Я не перебивал его. Назидания не всегда нужны человеку. Боб столько пережил, что - сам себе лучший агитатор".

14 мая 1932 г.

"Чрезвычайное происшествие. Случай небывалый за всю историю коммуны. Во всяком случае при мне ничего подобного не было. Общее собрание разбирало персональное дело. В клуб собрались после обеда, а разошлись ночью. Докладывал председатель бюро актива Василий Беспалов:

- Сейчас нам предстоит тяжелое дело, - говорил он, - обсудить преступление старого члена коммуны, вскормленного ею, поставленного на ноги, выпускника Петра Стерлина.

Все взгляды устремились на угол сцены, где за перегородкой сидел привлеченный к ответственности малый лет двадцати шести, хорошо всем известный. Голова его была низко опущена, лицо красное. Все его хорошо знали.

- Никак не думали, что такое может случиться, - продолжал Беспалов. Другом был... вместе о новой жизни мечтали. Старался когда-то. Стерлин был член актива, имел в коммуне лучшие условия, чем многие сидящие здесь в зале. Материально обеспечен во, - чиркнул он себя по горлу. - Работал начальником цеха трикотажной фабрики. Как с ним считались, уважали! И вот на этой своей фабрике совершил кражу трех трикотажных костюмов. Доверяли, не следили... пока не заметили, пока сигнал не поступил. - Беспалов перевел дыхание, словно ему тяжело было говорить. - Опозорил Стерлин коммуну... дело все наше.

Конфликтная комиссия постановила: передать преступника Петра Стерлина на коллегию ОГПУ и просить о применении к нему самых строгих мер.

Еще ниже опустилась голова Стерлина, он боится глянуть в зал. Куда девались его былая заносчивость, самодовольство! На нем хороший вязаный костюм, - недавно премировали, - но всем кажется, что и он ворованный.

- Слово дается обвиняемому, - объявил председатель собрания.

Заговорил Стерлин так тихо, что даже не слышно было из первых рядов.

- Голос потерял? - сразу послышались выкрики из зала. - Громче!

- Раньше какой оратор был!

Заговорил Стерлин внятней, но без конца сбивался, терял нить и под конец опять перешел на бормотание.

- Все знаете, как работал, - пытался он оправдаться. - Старался... работал. Не выдвинули бы на пост. Старался. Ночи приходилось не спать... в цеху проводил...

- Все обдумывал, как украсть половчее! - ввернули из зала.

- А старался себе в карман.

Председатель приподнялся, позвонил в колокольчик.

- Не мешайте говорить.

Высмеянный, совсем придавленный Стерлин некоторое время молчал, затем опять забормотал:

Сам не знаю, как получилось... почему взял.

Отец заболел... По карточкам что дают? Селедку да хлеб. Питание ему надо было... доктор прописал. Откуда ему?.. Вот. Сам не знаю, как взял. Раз только и никогда бы больше...

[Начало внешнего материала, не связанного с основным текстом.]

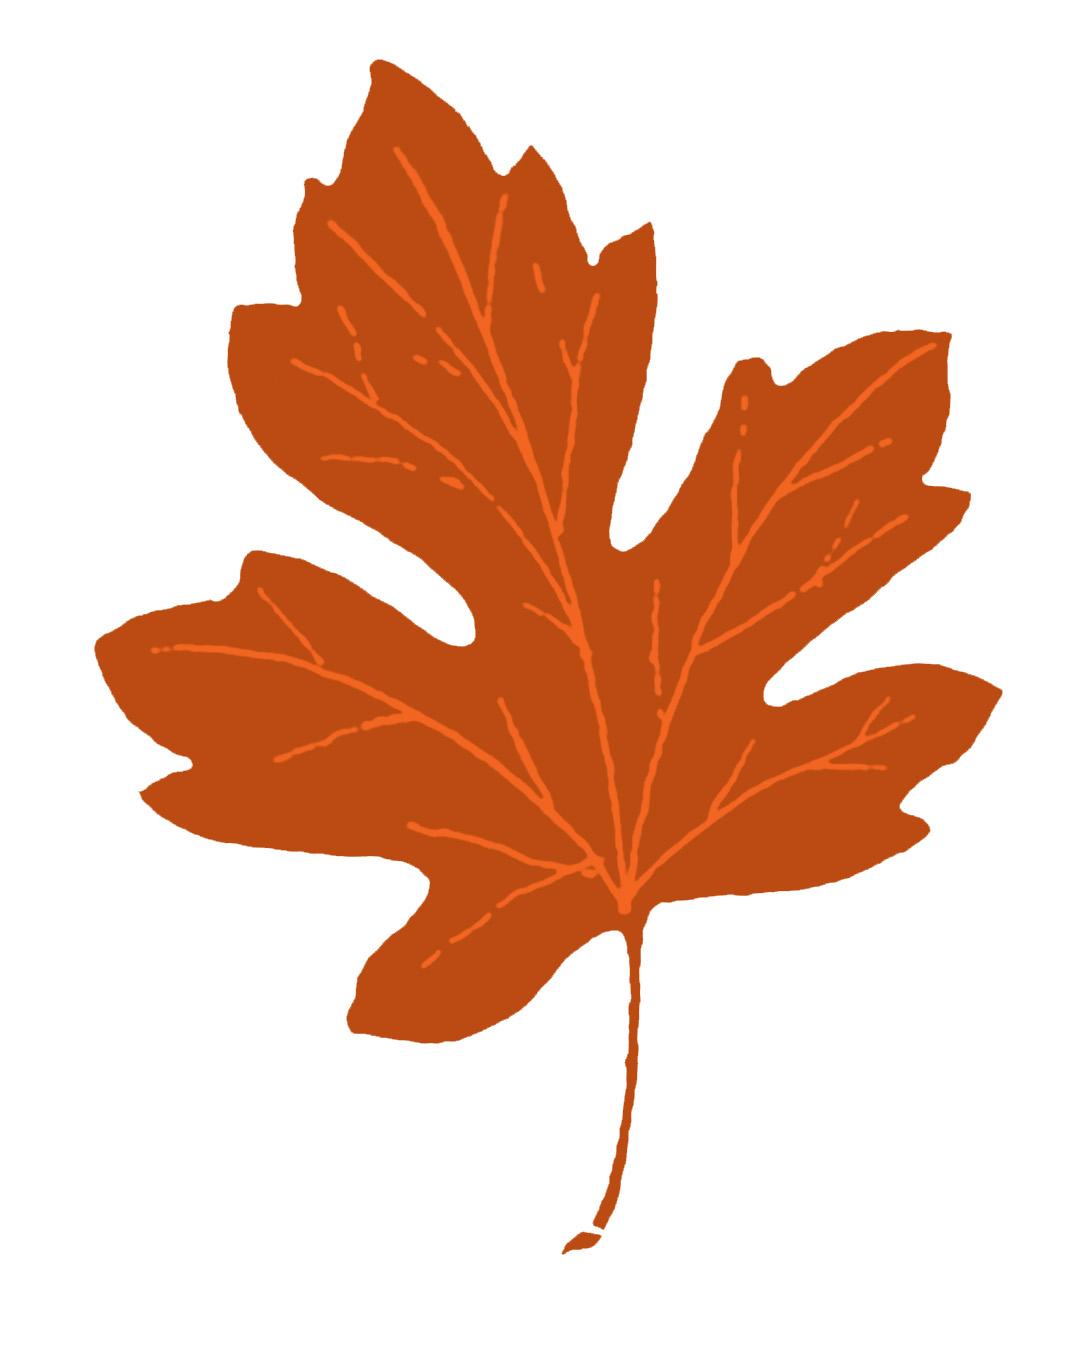 Vintage Fall Clip Art U2013 Maple Leaves-Vintage Fall Clip Art u2013 Maple Leaves-16

Из зала послышался откровенный смех.

Конфликтная комиссия выяснила, что это далеко не единственный случай воровства с фабрики Стерлиным. Войдя в коммуну, Стерлин так и остался вором и своей активностью, трудовыми заслугами лишь прикрывал темные махинации. Когда на фабрике обнаруживались пропажи, никто и подумать не мог, что это орудует лучший ударник производства, потом мастер и, наконец, начальник цеха Петр Стерлин. "Выпускник! Знатный человек коммуны!" А он все эти годы оставался двурушником.